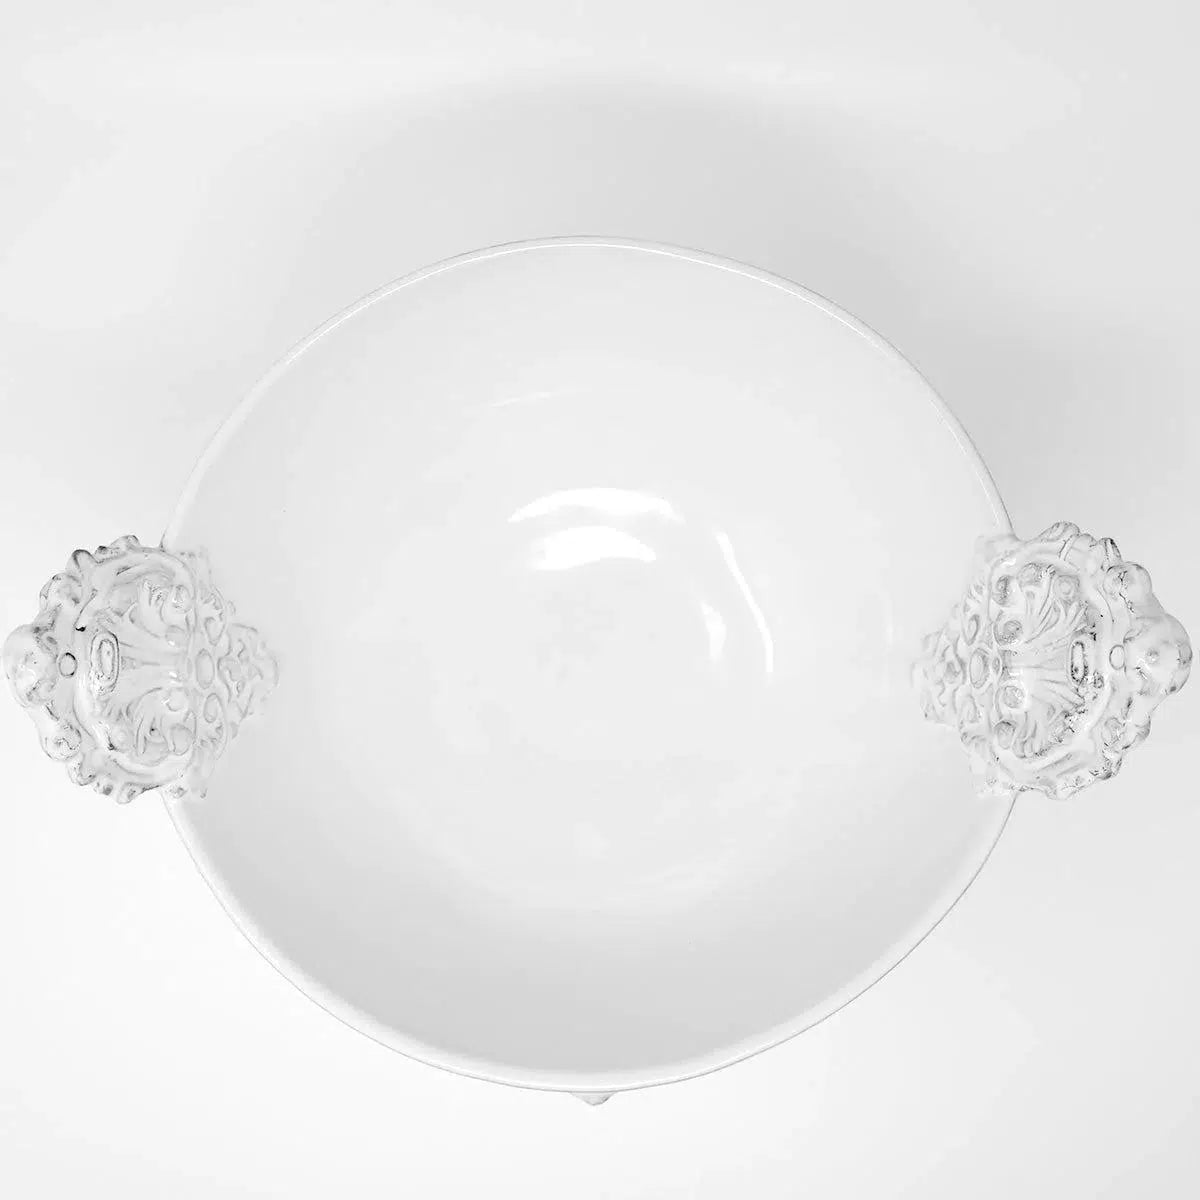 Mon Jules serving bowl with handle-33x33x18cm-CARRON-Paris
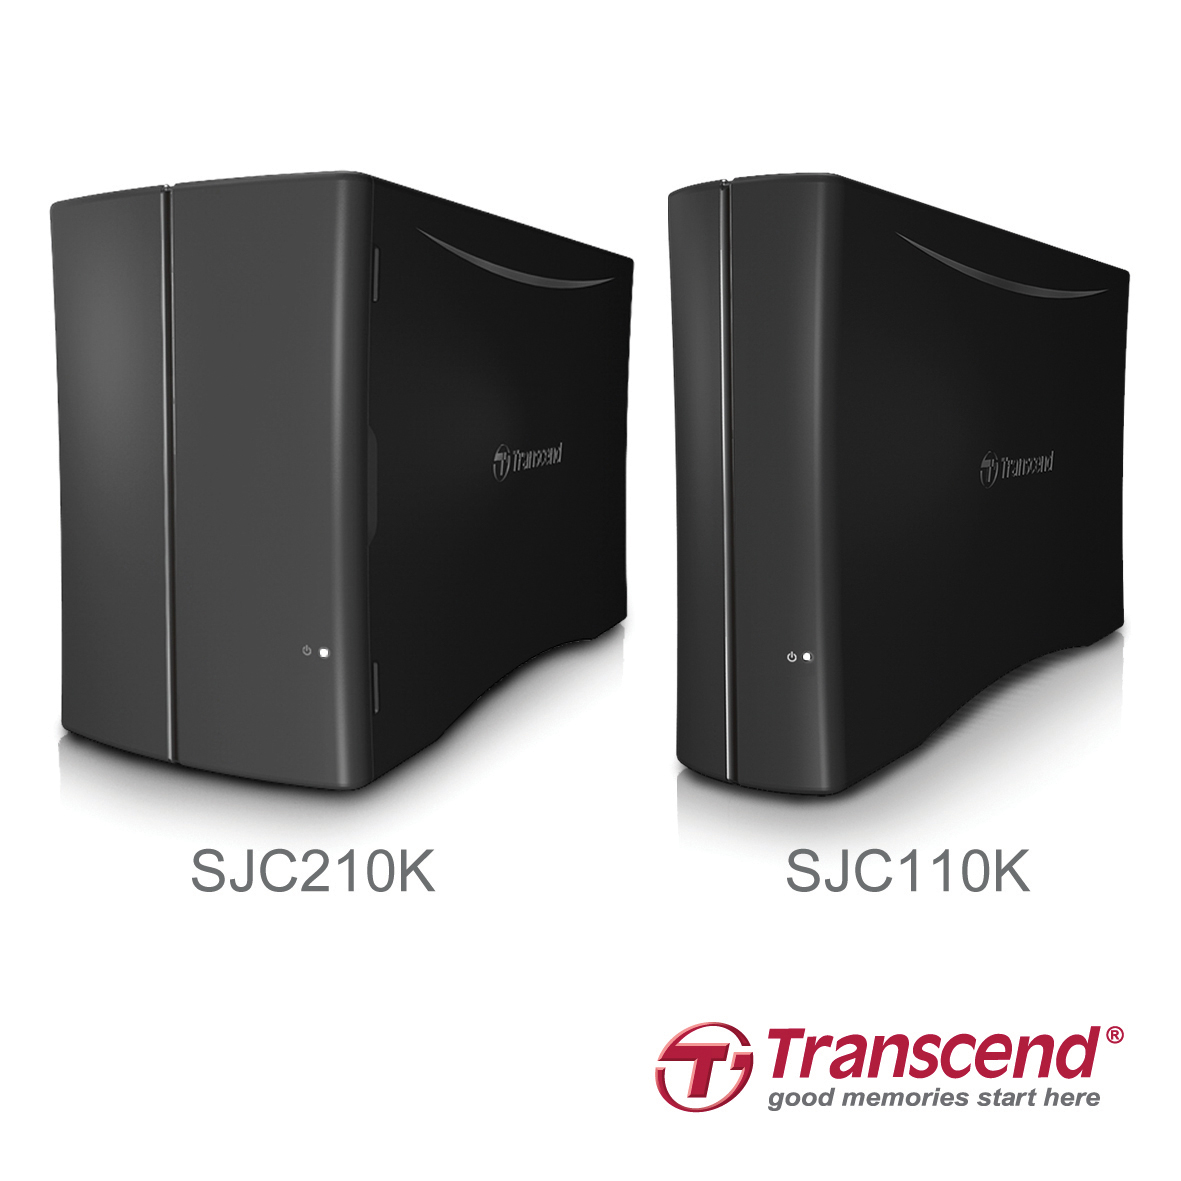 Transcend StoreJet Cloud 110 and StoreJet Cloud 210 Personal Cloud Storage
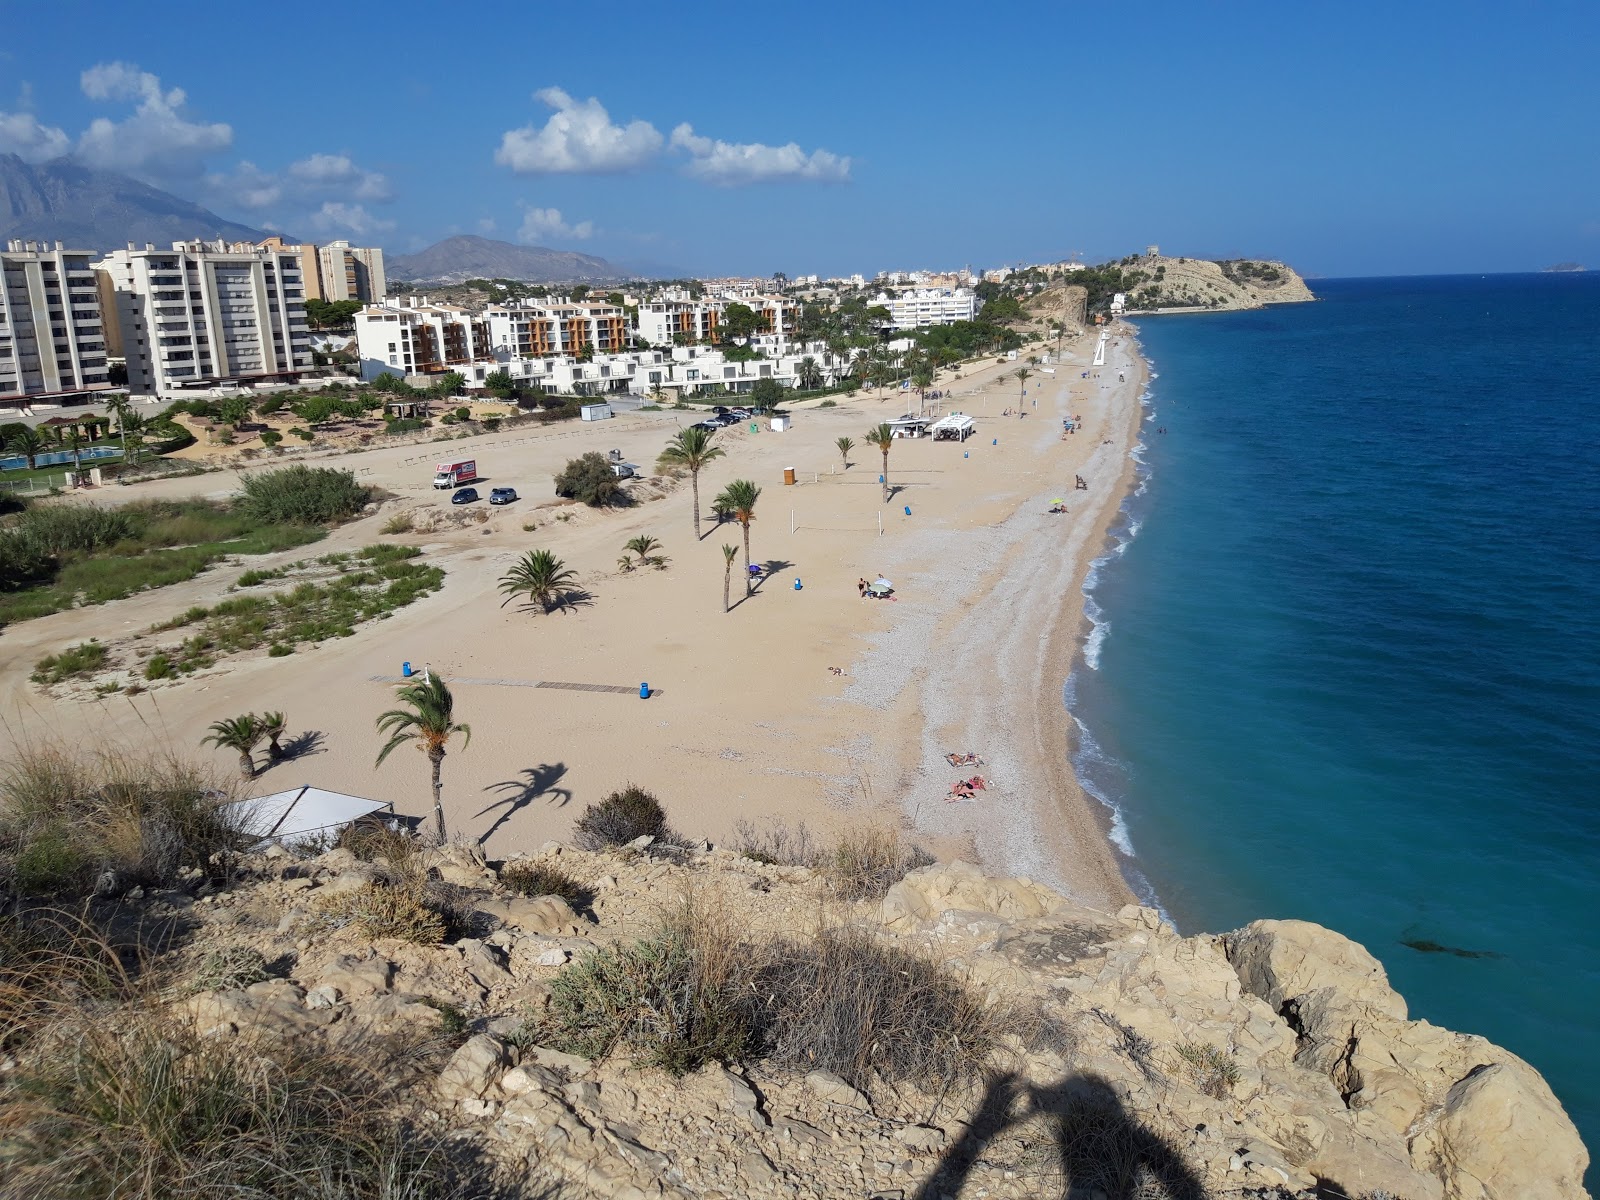 Playa el Paraiso'in fotoğrafı hafif ince çakıl taş yüzey ile

Exercise description = Images are to be left out; everything else in the material must be written out exactly.

Task solution =
 Mon Jules serving bowl with handle-33x33x18cm-CARRON-Paris
 Transcend StoreJet Cloud 110 and StoreJet Cloud 210 Personal Cloud Storage
 Playa el Paraiso'in fotoğrafı hafif ince çakıl taş yüzey ile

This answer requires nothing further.